#### Aim of the task:
Here is a listing. Write it all out again exactly, but not its pictures.

====== Data ======

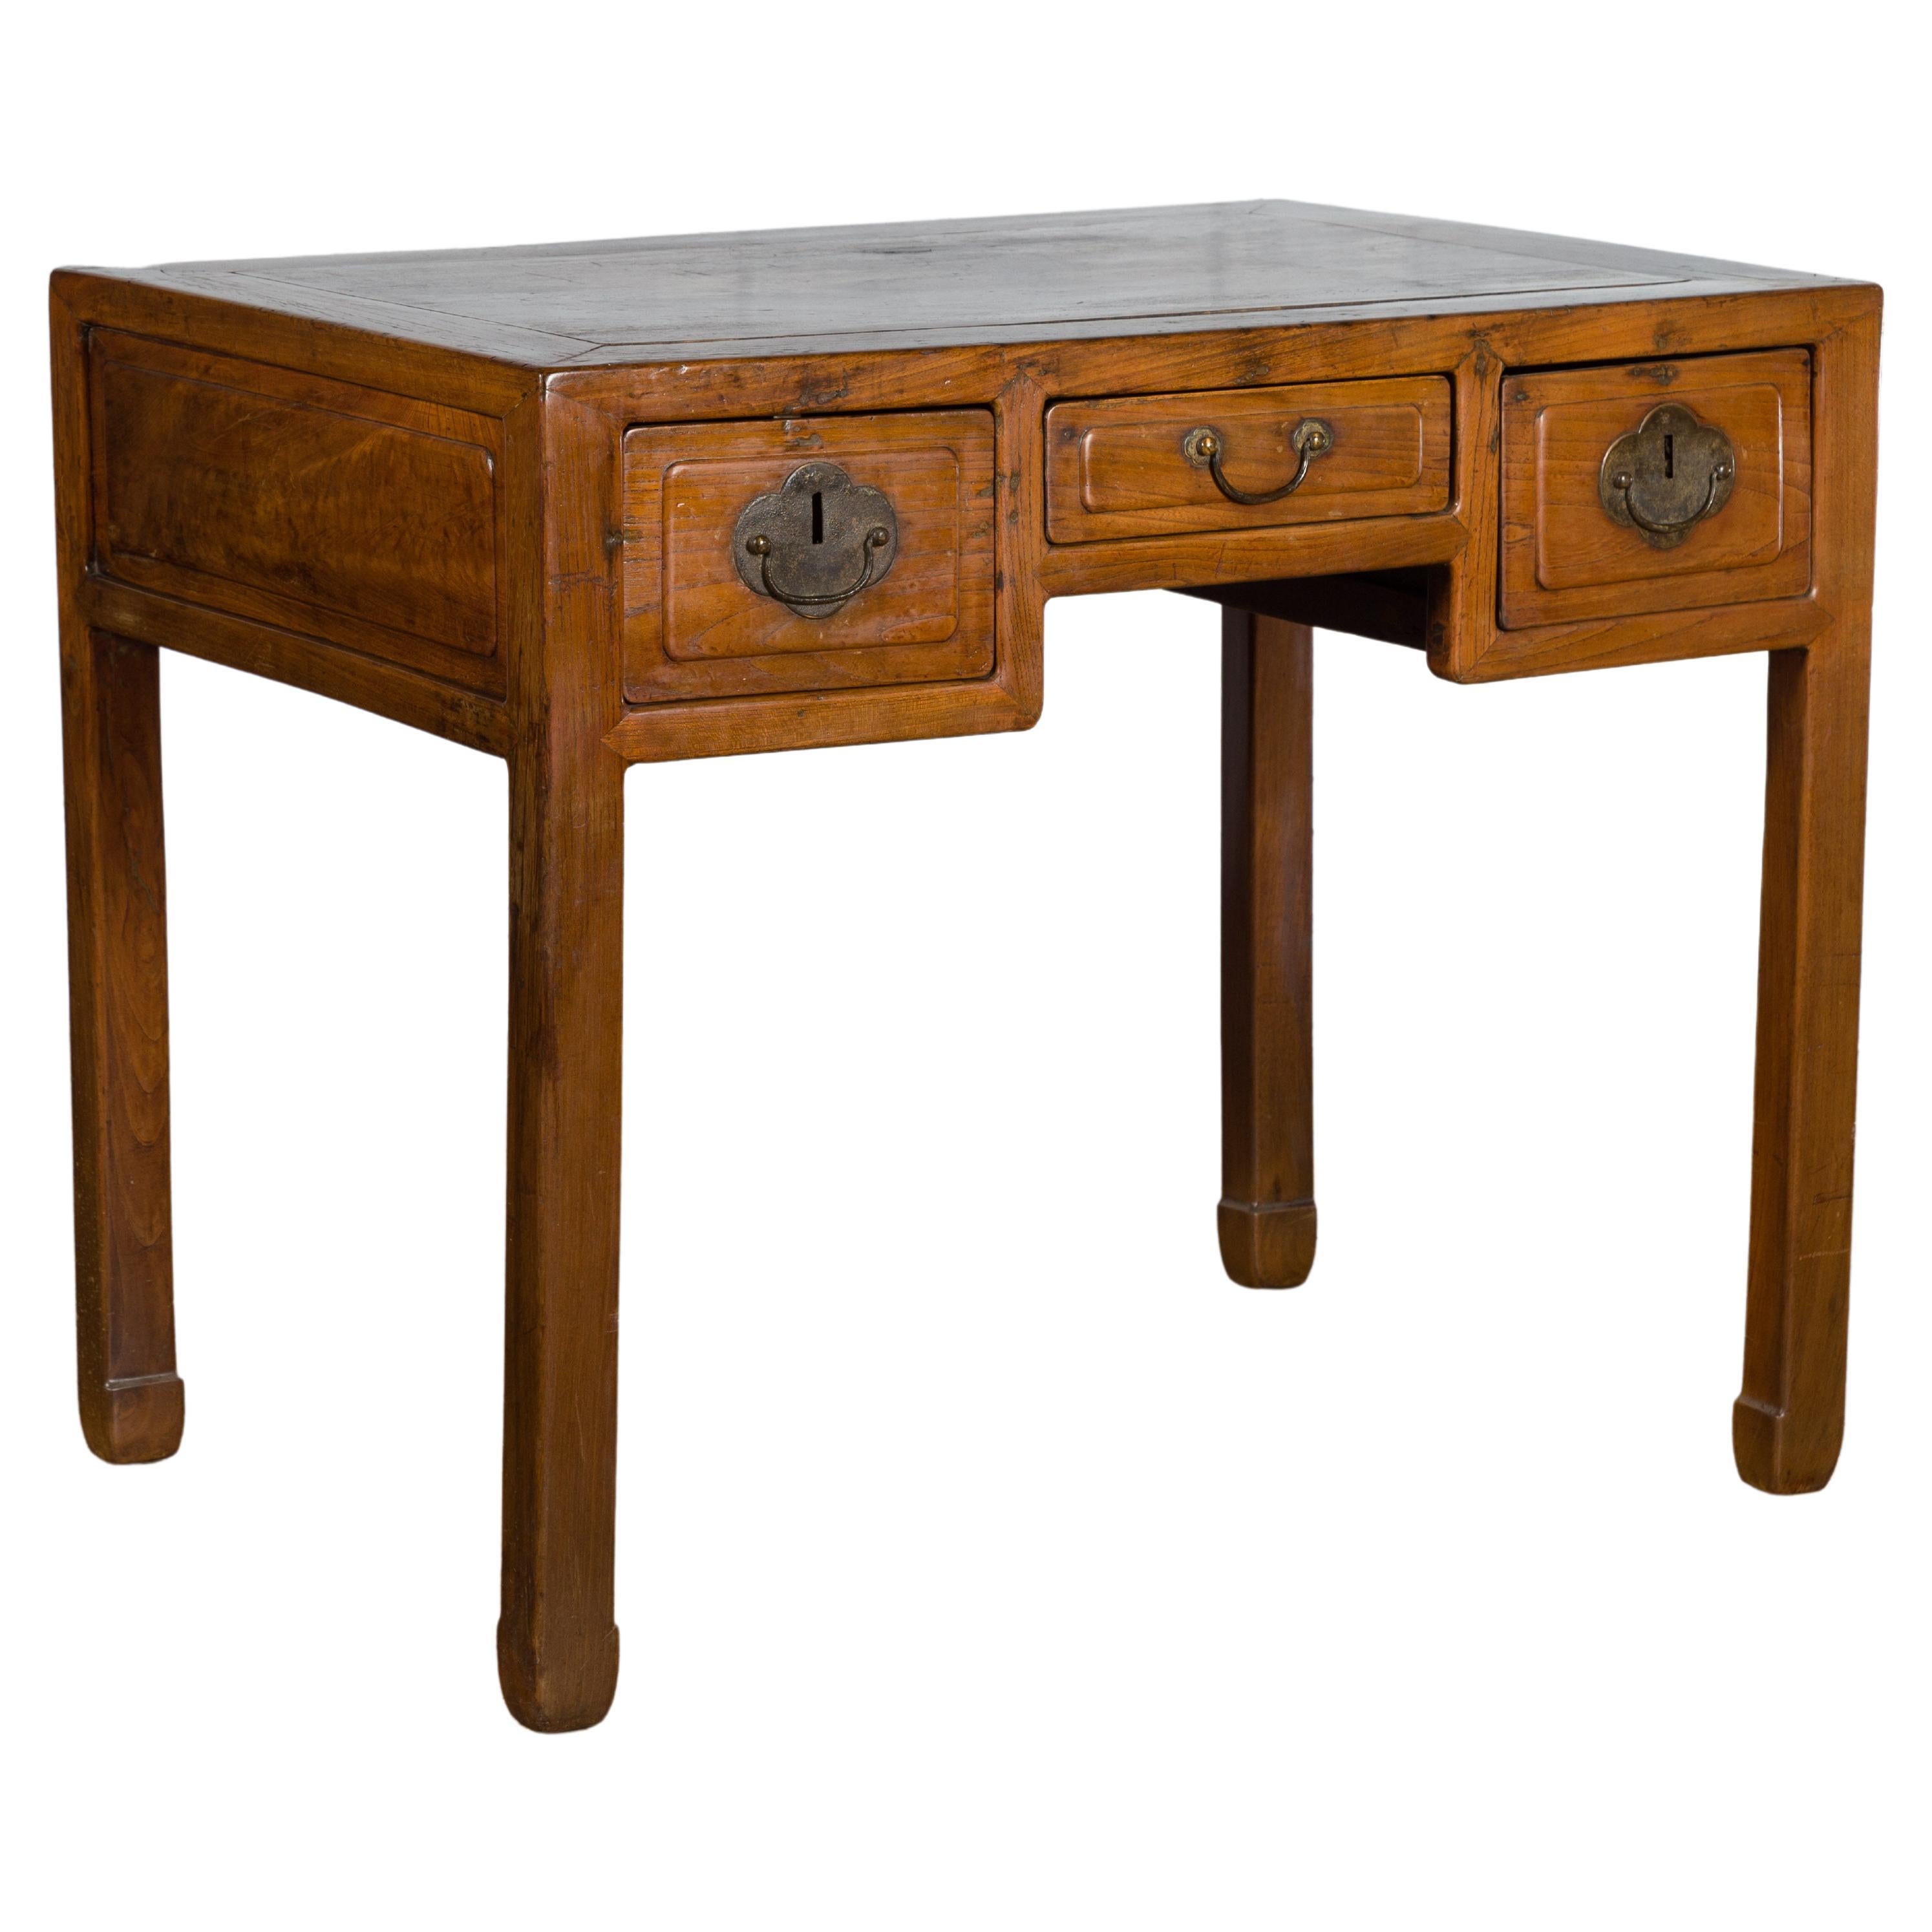 An antique Chinese three-drawer desk from the Fujian Province, with straight legs and horse hoof extremities. Created in the South-Eastern Province of Fujian during the early years of the 20th century, this desk / console table features a
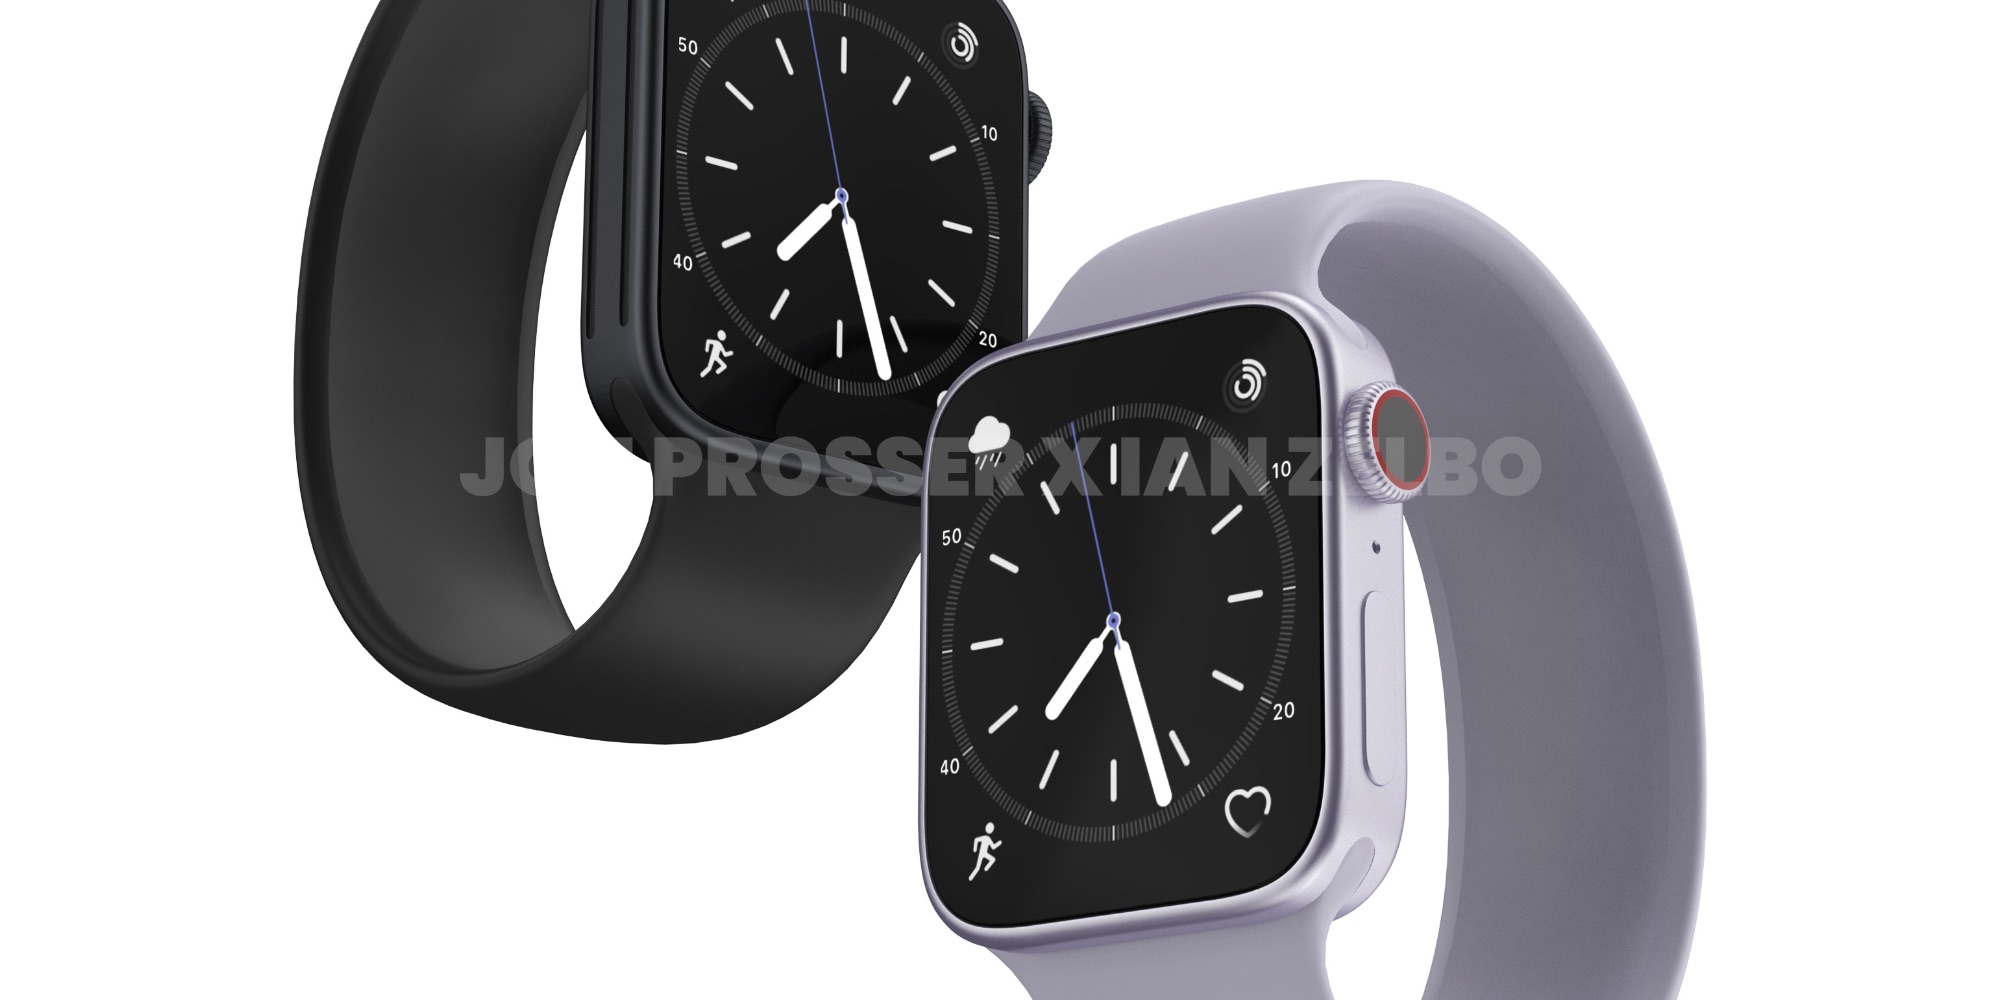 Apple Watch glass rumor revives flat-edge design for Series 8 or other models
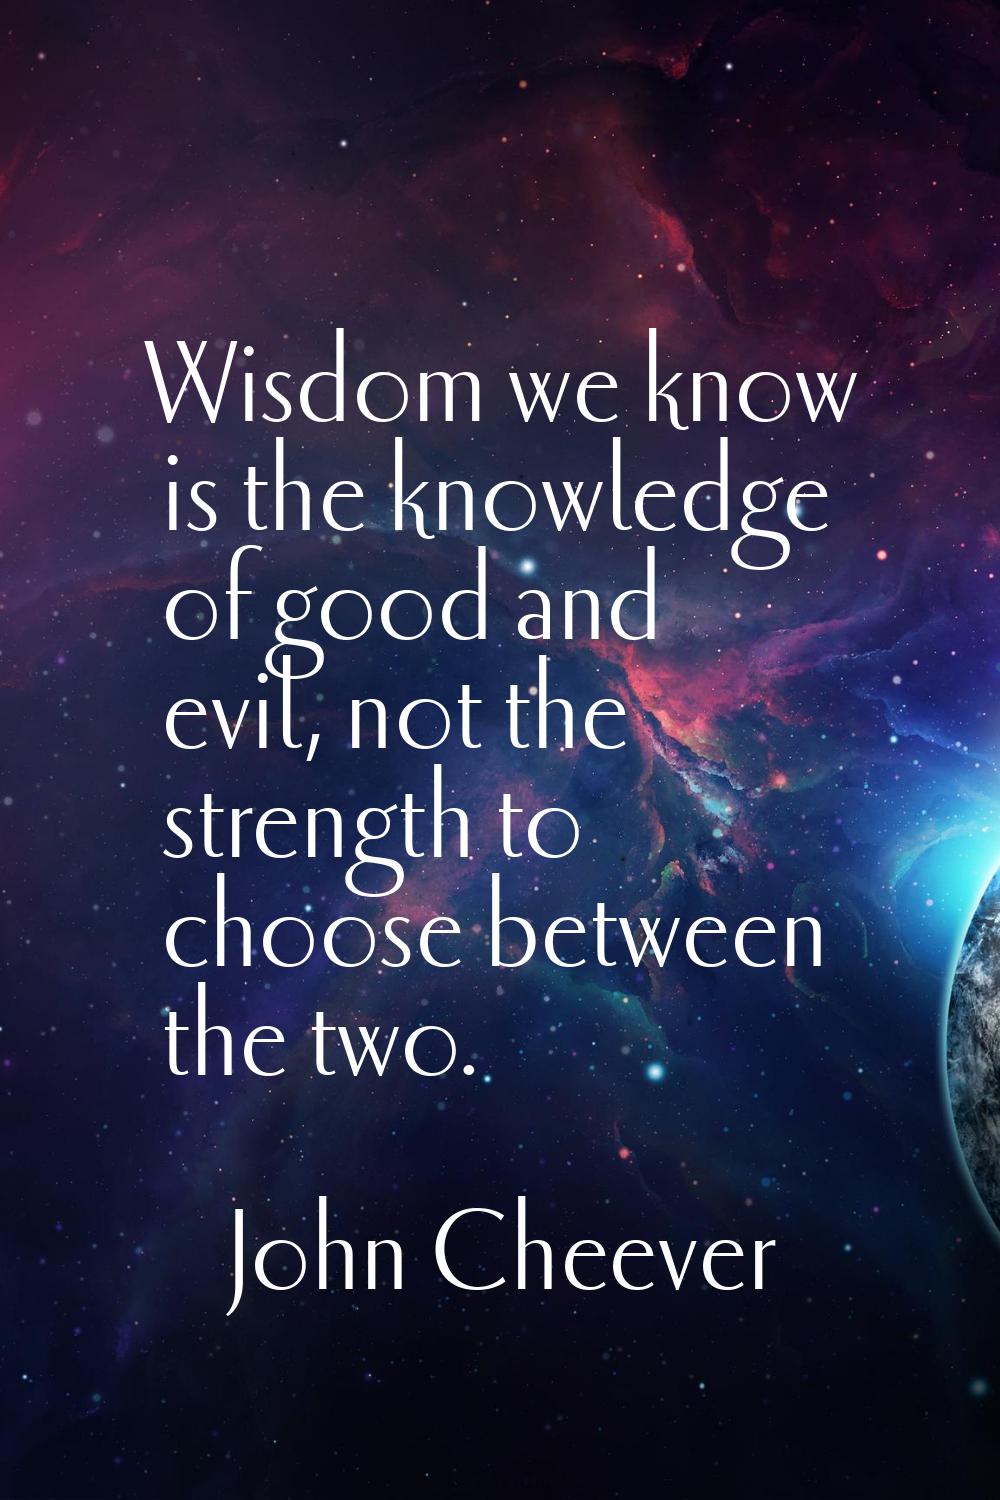 Wisdom we know is the knowledge of good and evil, not the strength to choose between the two.
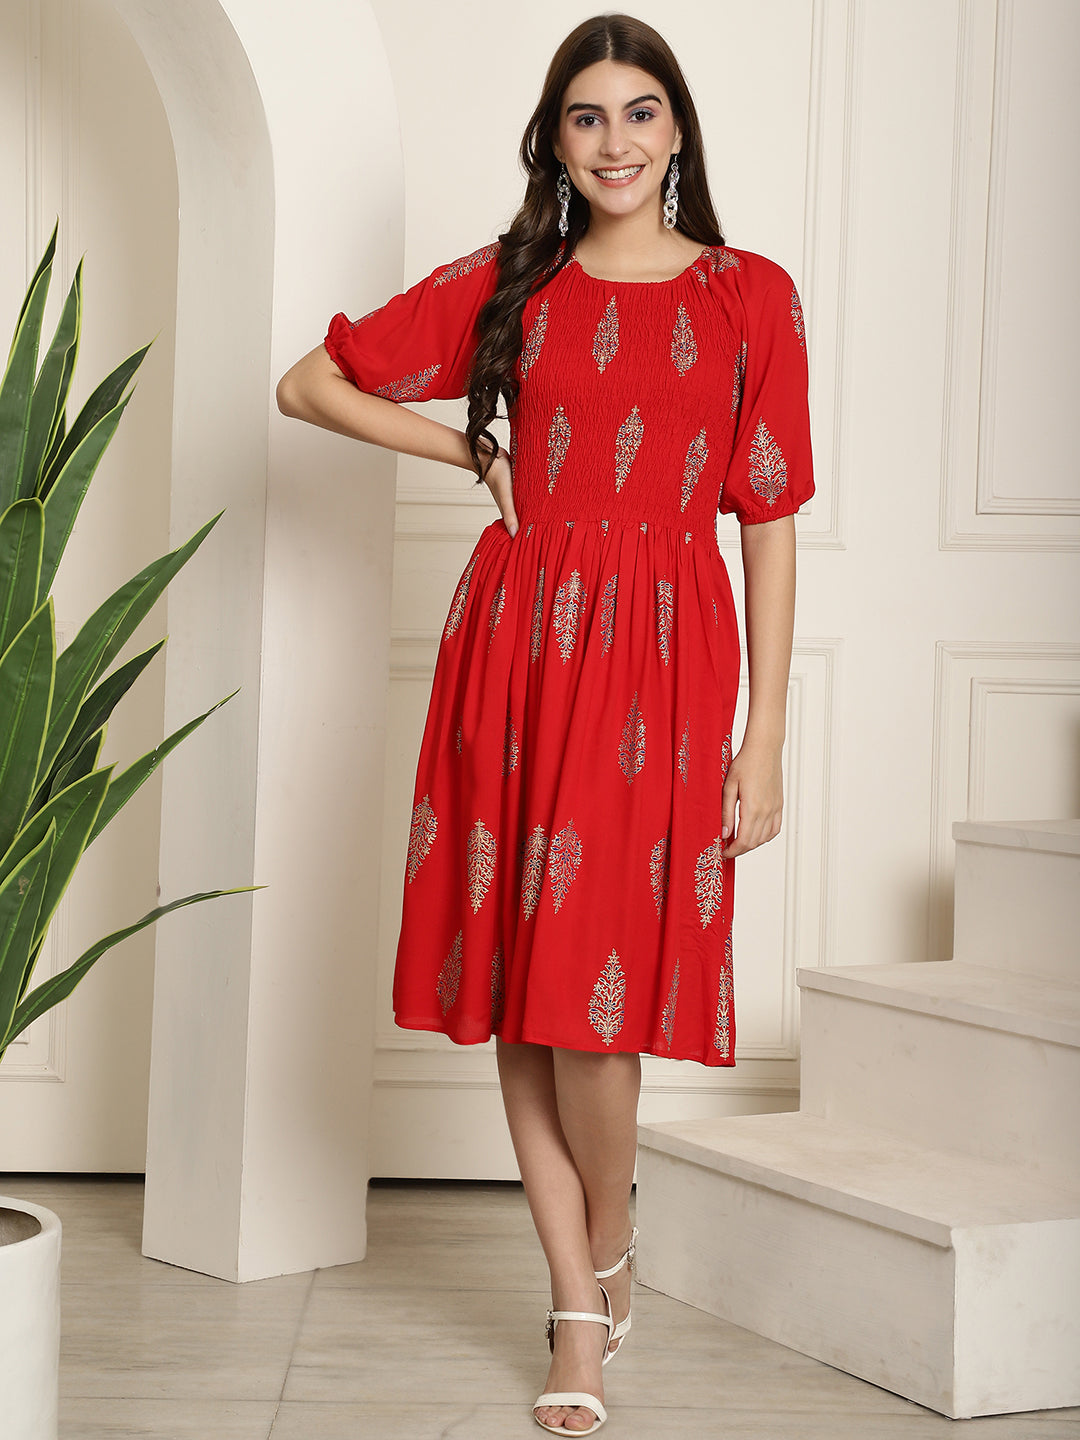 Aawari Red Patch Printed A-Line Midi Dress  With Extended Sleeves

======

#### Task solution:
 An antique Chinese three-drawer desk from the Fujian Province, with straight legs and horse hoof extremities. Created in the South-Eastern Province of Fujian during the early years of the 20th century, this desk / console table features a
 Apple Watch glass rumor revives flat-edge design for Series 8 or other models
 Wisdom we know is the knowledge of good and evil, not the strength to choose between the two.
 Aawari Red Patch Printed A-Line Midi Dress  With Extended Sleeves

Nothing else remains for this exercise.